DOI: https://doi.org/10.15368/theses.2011.137
Available at: https://digitalcommons.calpoly.edu/theses/581
Date of Award
6-2011
Degree Name
MS in Kinesiology
Department/Program
Kinesiology
Advisor
Todd Hagobian
Abstract
On the basis of a strong body of data, the Institute of Medicine currently recommends at least 60 minutes of exercise per day to prevent body weight gain overtime. Previous studies have shown that there is no compensatory increase in food intake with this dose of exercise. Ultimately, the brain decides whether to alter food intake. Surprisingly, no published studies have assessed the impact of exercise on brain activation. Using functional magnetic resonance imaging (fMRI) and an appetite questionnaire, we investigated the effects of a single bout of aerobic exercise on brain responses to visual food cues and subjective appetite responses. After an overnight fast, 30 (17M, 13W), healthy, habitually active subjects (22.0±3.8 years, 23.6±2.4 kg/m2, 44.3±8.3 mL∙kg-1∙min-1) either rested or exercised for 60 minutes, in a counterbalanced crossover design.

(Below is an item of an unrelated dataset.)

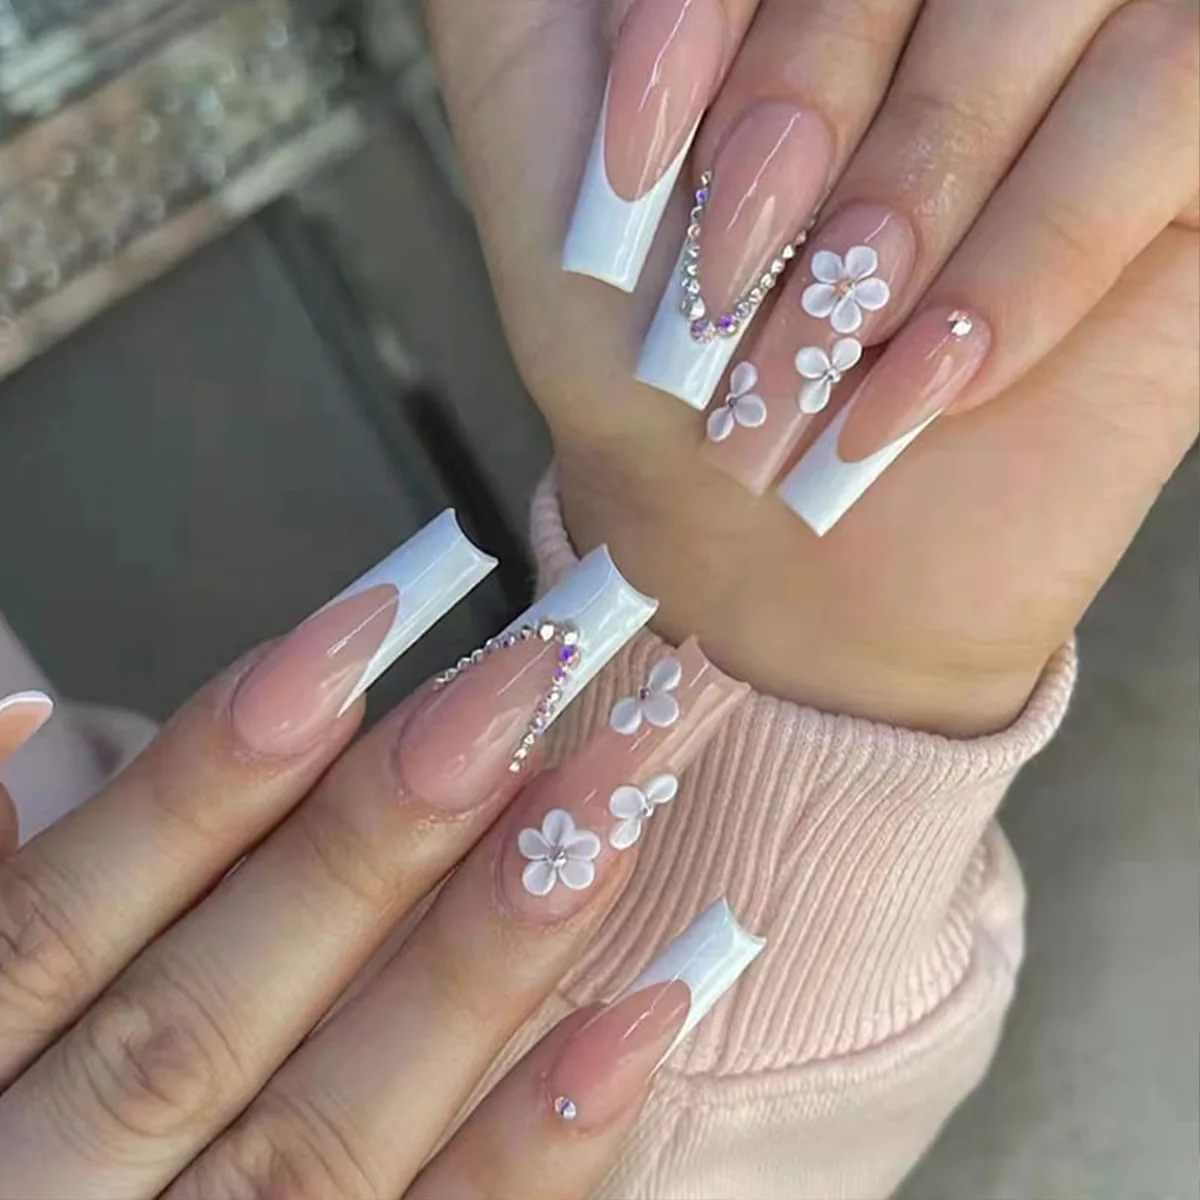 

3D fake nails accessories long french coffin tips nude white flowers with diamond designs faux ongles press on false nail set

Immediately after each condition, blood oxygen dependent levels were determined in response to visual food cues of different energy value during an fMRI scan. Exercise showed significantly greater activation (P < .005, uncorrected) in regions implicated in food inhibition (superior frontal gyrus, medial surface), and visual attention (precuneus, superior temporal gyrus, middle temporal gyrus and fusiform gyrus) regions. However, exercise did show a greater activation in a food reward region (medial orbitofrontal cortex). The rest condition only showed greater activation in a visual center (fusiform gyrus) and the midbrain. In addition, relative to no-exercise, subjective appetite responses were suppressed following the exercise bout. Taken altogether, these data suggest exercise may impact the brain in a direction expected to suppress food intake and increase food attention, which is in line with previous behavioral, biological and fMRI data. These findings may explain, at least partially, why aerobic exercise does not lead to a compensatory increase in food intake.